Ита находилась в камере напротив. Она кричала, ругалась, била по деревянным брусьям кулаками, но картофелины только посмеялись под ее жалкими попытками. Когда они ушли, Ита села в дальний конец камеры, и я еще несколько минут слушала, как она бормочет проклятья себе под нос. А потом и она стихла.
Тишина оглушала. Далекий отсвет неровно ложился по утоптанной земле, которая при всей сырости, что царила здесь, превратилась в кисель. А через минуту ко мне снова вернулось безразличие. Все мои мысли, даже и те, что были хоть немного позитивными, стали с привкусом горечи. Казалось, что смысла уже не было даже в том, что я еще жива, что я еще существую и дышу…
А потом я почувствовала, что у меня за поясом что-то лежит и уже приличное время колет меня, причиняя легкую боль. Достав это из-за пояса и раскрыв ладонь, я обнаружила брошь. Грани золотой птицы тускло отсвечивали в свете лампы. Я тут же вспомнила, какое это было приключение в доме госпожи Чиасы. И эти воспоминания, казалось, были тем моментами, над которыми не было властно мое безразличие. Я вспомнила Ниоку: эту веселую девочку-призрака, которая так хотела спасти маму. Вспомнила чистую красоту лица госпожи Чиасы и ее голос, который звучал звоном колокольчиков. В общем, все, что мы с Итой пережили, и мне захотелось… Захотелось пожить еще немного!

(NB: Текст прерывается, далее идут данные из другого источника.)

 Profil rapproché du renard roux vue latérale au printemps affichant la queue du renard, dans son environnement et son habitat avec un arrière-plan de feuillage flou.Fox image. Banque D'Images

— Эй, Ита? — я повернулась к решёткам и шепотом позвала ее. — Я вот тут подумала…Надо нам выбраться отсюда! Я не верю, что для меня нет другого способа выбраться из города! Если ты постараешься, то вспомнишь что-то очень важное, особенное место, например…

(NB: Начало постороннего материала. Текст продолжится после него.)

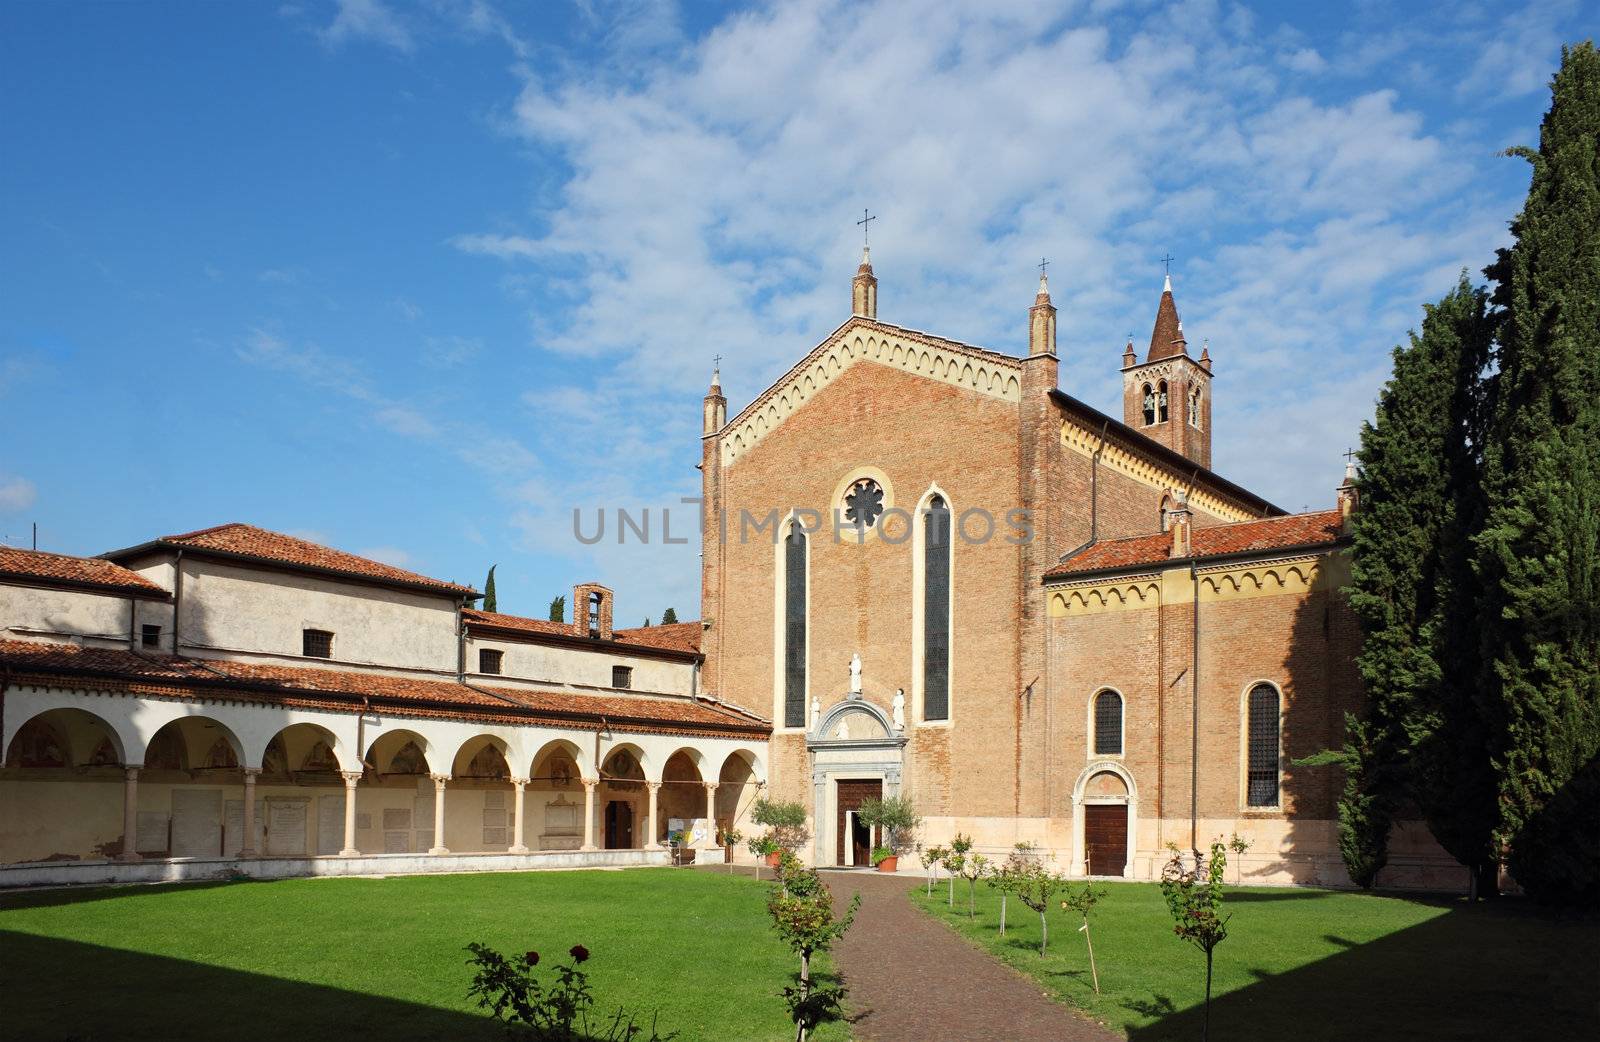 San Bernardino church in Verona by kirilart

Наступила пауза. Повисло странное напряжение в этом холодном и сыром помещении между обитательницами двух камер.
— Ну… — робко начала Ита. — Есть место…
— А ну молчать! — вдруг рявкнула картофелина, ее присутствие обозначилось длинной тенью в проходе между камер. Картошка подошла ближе. У нее один глаз был закрыт повязкой, а картофельное тело было сплошь покрыто мелкими шрамами. — Отец хочет вас видеть живыми! Так что давайте не будем делать глупости. Так ведь, девочка-лисичка? Мне неохота тебя снова связывать, но если дёрнешься, то мои парни поколотят тебя палками, так что ты месяц ходить не будешь. Поняла?
Ита молчала.
— Приму твое молчание за «да, господин начальник»! — ухмыльнулась картофелина. — Эй, парни, отоприте-ка их.
Через пару секунд в коридоре показалось с десяток картофелин, с длинными бамбуковыми палками и короткими мечами, заткнутыми за набедренные повязки. А еще у них были те жалящие кнуты, от которых Ита впадала в беспамятство, когда кончик этого кнута обвивал ей руку.
— Мне рассказали, что на тебя наша сила не действует, — ухмыляясь, произнесла одноглазая картофелина, — Так что если ты дрыгнешься, — он положил руку на рукоять своего короткого меча, — я лично изрублю тебя на куски, и ты станешь хорошим удобрением для наших детей.
Я молча кивнула. Его слова казались серьезными и полными решимости, но я не сильно испугалась — после зубов Футакучи-сама этот его меч был не более чем обычной игрушкой. Но все же я не стала недооценивать его угрозы, не спеша поднялась и, подняв руки вверх, всем своим видом показала желание подчиняться.
— Ну, вот и умничка, — улыбаясь во весь рот и показывая два ряда черных зубов, картофелина со шрамом достала ключи.
Ита тоже вела себя сдержанно. Картофелины обступили ее по кругу и грубо одарили тычками бамбуковых палок, приказали ей идти вперед. Ита рычала сквозь зубы, изредка скалилась, обнажая белые клыки, когда ей в очередной раз тыкали под ребра. Надо отметить, что картофели опасались девочку-лисичку. Ита ростом была гораздо выше их, проворней и сильнее, так что угнетатели старались держать Иту на расстоянии, пугались и отпрыгивали назад всякий раз, как Ита показывала зубки. Я улыбалась про себя, глядя на это представление. А потом мне вспомнился тот инцидент в саду Футакучи, где ярость Иты вырвалась наружу.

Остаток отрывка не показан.